FIG. 1 is a diagram showing a configuration of a solar cell interconnector according to the present embodiment. FIG. 2 is a view showing a scene where the solar cell interconnector according to the present embodiment is joined to the bus bar electrode. FIG. 3 is a diagram illustrating a configuration of a solar cell interconnector according to a conventional example. FIG. 4 is a diagram showing a scene where a solar cell interconnector according to a conventional example is joined to a bus bar electrode.

  Hereinafter, embodiments of the present invention will be described with reference to the drawings.

  FIG. 1 is a diagram illustrating a configuration of a solar cell interconnector 100 according to the present embodiment. As shown in FIG. 1, the interconnector 100 for a solar cell according to the present embodiment includes a Ni plating layer 20, a Sn plating layer 30, and a solder layer 40 formed in this order on both surfaces of an Al base 10.

<Al base material 10>
The aluminum plate constituting the Al base 10 is not particularly limited, and a pure aluminum plate or any JIS standard 1000 series, 2000 series, 3000 series, 5000 series, 6000 series, or 7000 series aluminum alloy sheet is used. Among them, a 1000 series O material is particularly preferable. The thickness of the Al base 10 is not particularly limited, and may be a thickness that can secure sufficient conductivity as an interconnector for a solar cell, but is preferably 0.1 to 0.5 mm.

<Ni plating layer 20>
The Ni plating layer 20 is a layer provided to satisfactorily form the Sn plating layer 30 which is a base plating layer for performing solder plating, and is formed by applying Ni plating on the Al base 10. . The method for forming the Ni plating layer 20 on the Al base 10 is not particularly limited, but it is difficult to directly provide the Ni plating layer on the Al surface, so the Zn layer was previously formed by displacement plating. Thereafter, it is preferable to form the Ni plating layer 20 thereon. Hereinafter, a method for forming the Zn layer will be described.

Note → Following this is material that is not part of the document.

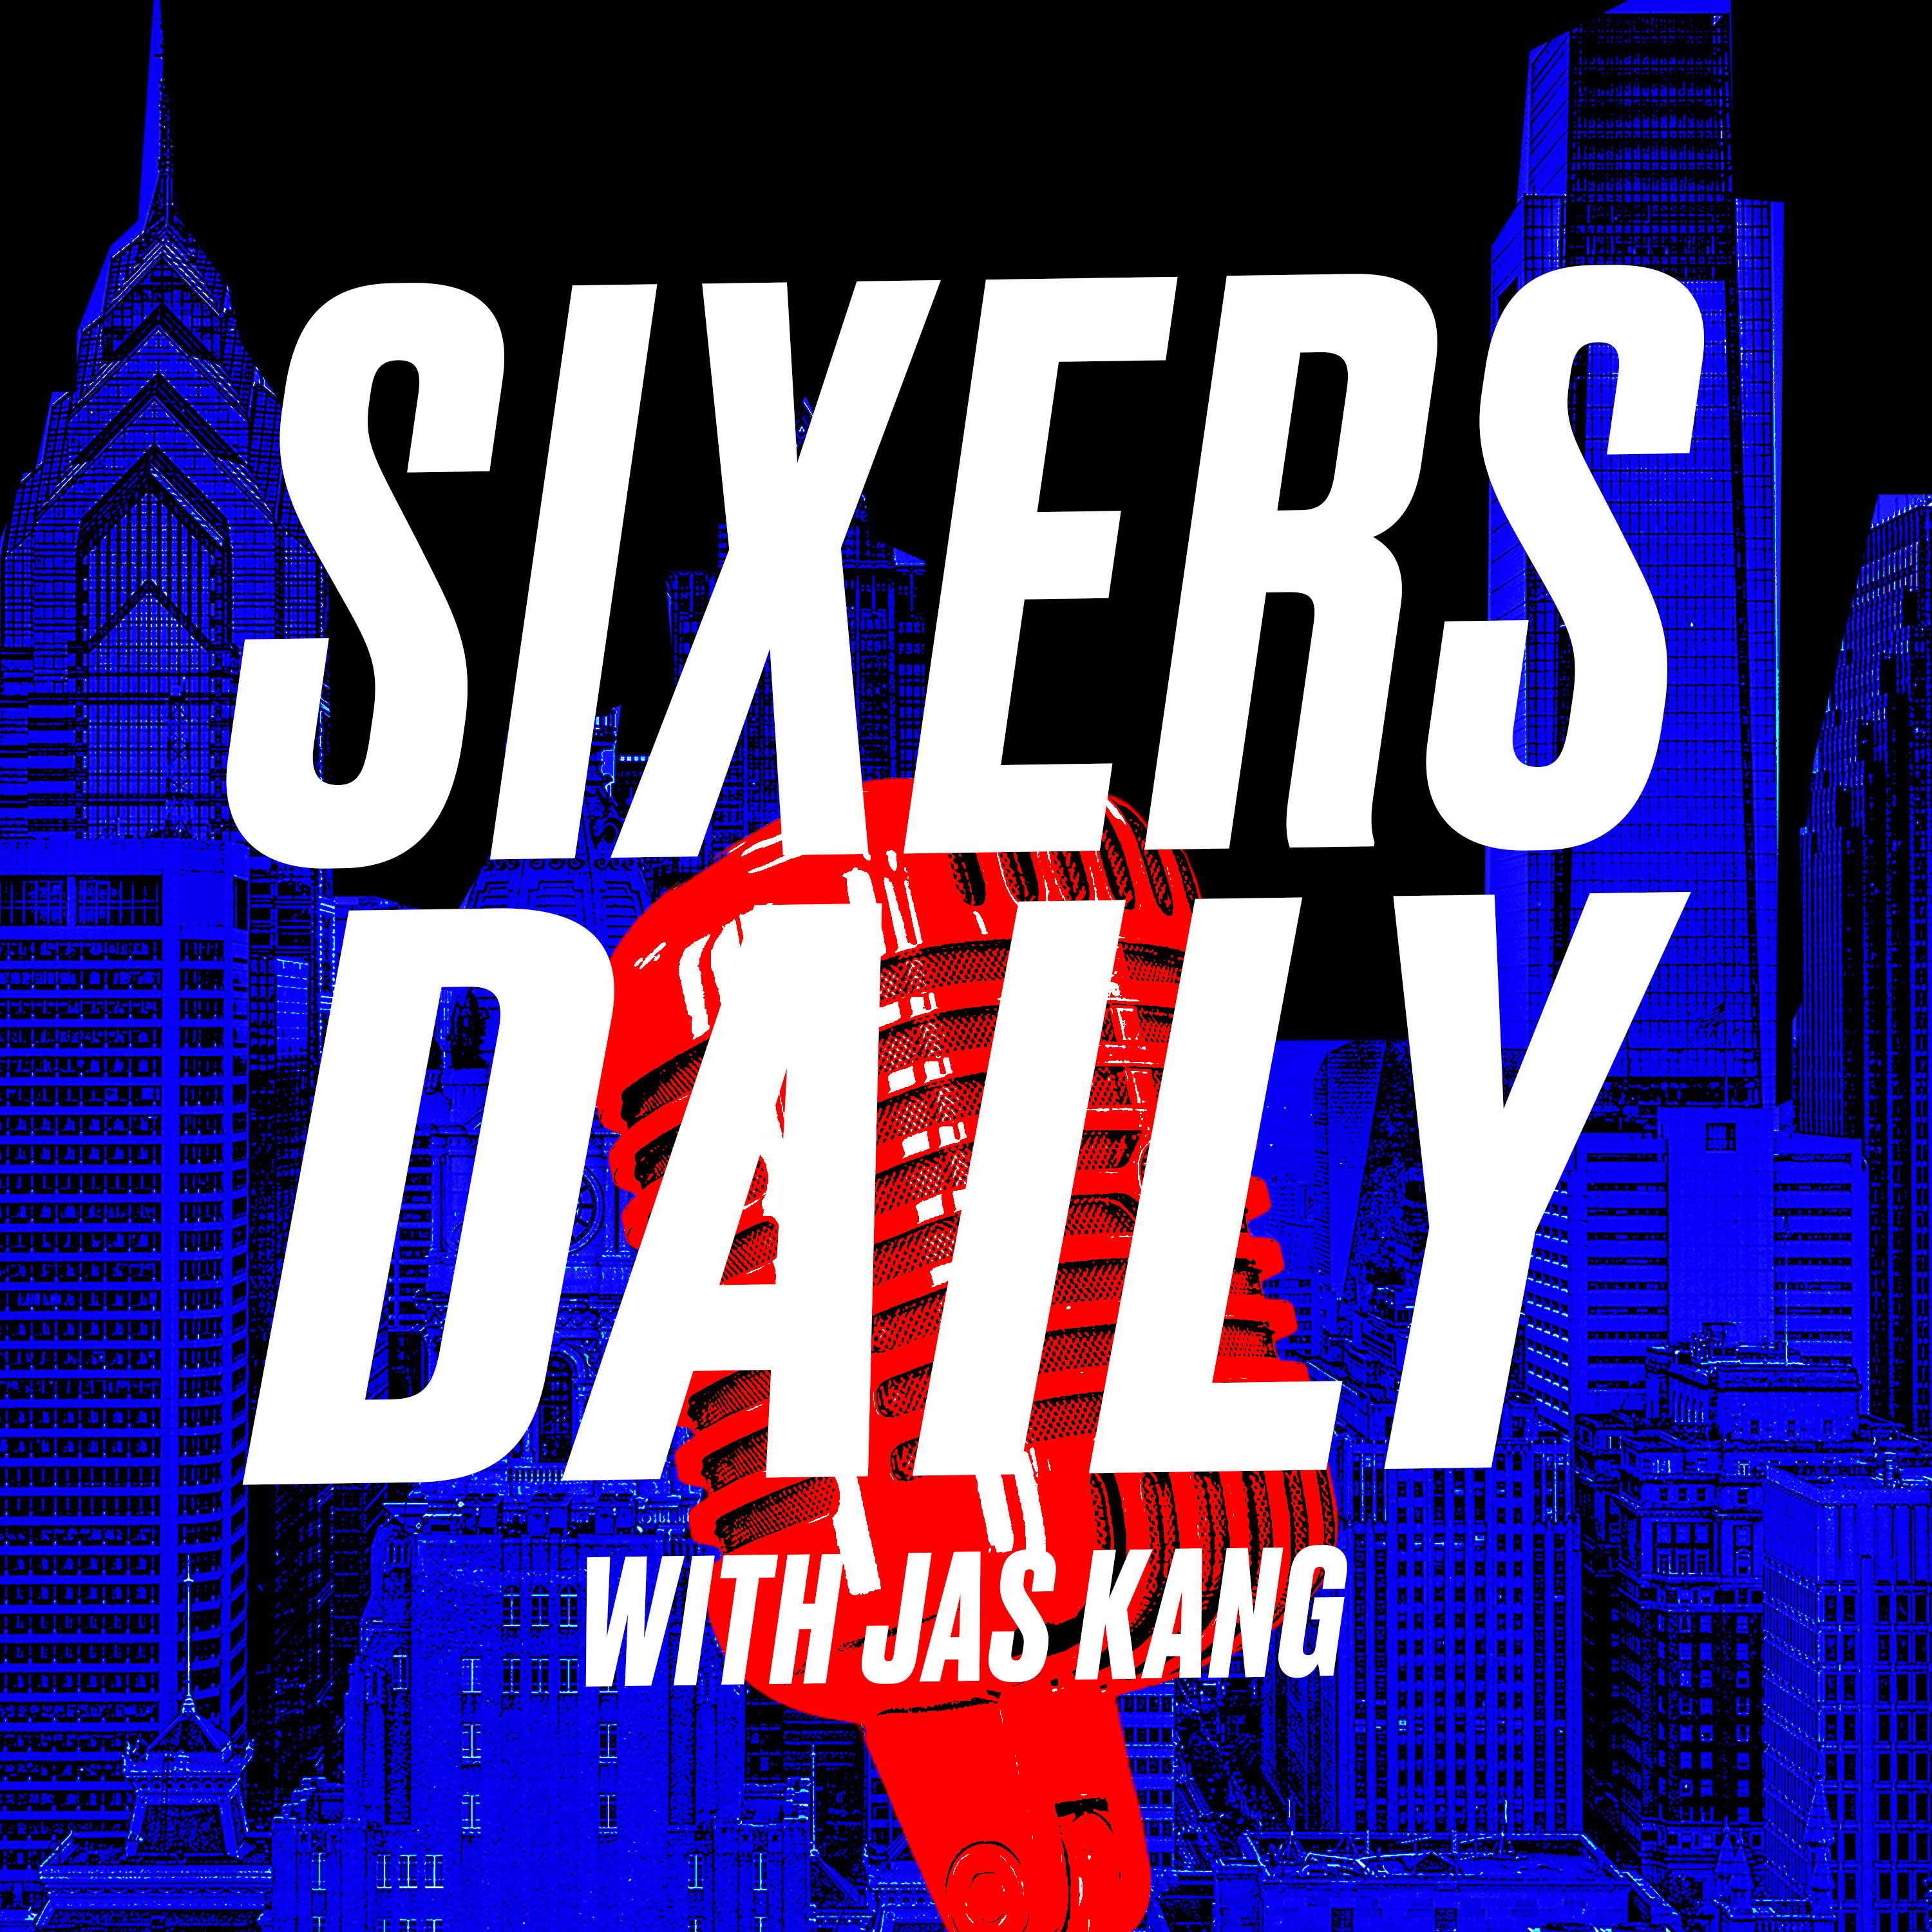 Sixers Daily with Jas Kang - The Sixers finish the preseason 4-0, James Harden looks different, Montrezl Harrell or Paul Reed? Plus, a new wrinkle in Tobias Harris' game. With Jackson Frank.

First, a pure aluminum plate or an aluminum alloy plate constituting the Al base 10 is subjected to a degreasing process, and then subjected to acidic etching and smut removal, followed by Zn substitution plating. The substitution plating of Zn is performed by performing a double zincate treatment through each step of nitric acid immersion treatment, first Zn substitution treatment, zinc nitrate stripping treatment, and second Zn substitution treatment. In this case, the water washing process is implemented after the process of each process. Note that the Zn layer formed by the first Zn substitution treatment and the second Zn substitution treatment is slightly dissolved when Ni plating is performed. Zn layer in order to form a good Ni plating layer 20, layer weight in the state after the Ni plating becomes preferably in the range of 5 to 500 mg / ^{m 2,} more preferably in the range of 30 to 300 mg / ^{m 2} It is desirable to form as follows. The coating amount of the Zn layer can be adjusted by appropriately selecting the concentration of Zn ions in the treatment liquid and the time for immersion in the treatment liquid in the second Zn substitution treatment. The substitution plating of Zn may be performed by performing a single zincate treatment in which only the first Zn substitution treatment step is performed after the nitric acid immersion treatment. In this case, the coating amount of the Zn layer can be adjusted by appropriately selecting the concentration of Zn ions in the treatment liquid and the time of immersion in the treatment liquid in the first Zn substitution treatment.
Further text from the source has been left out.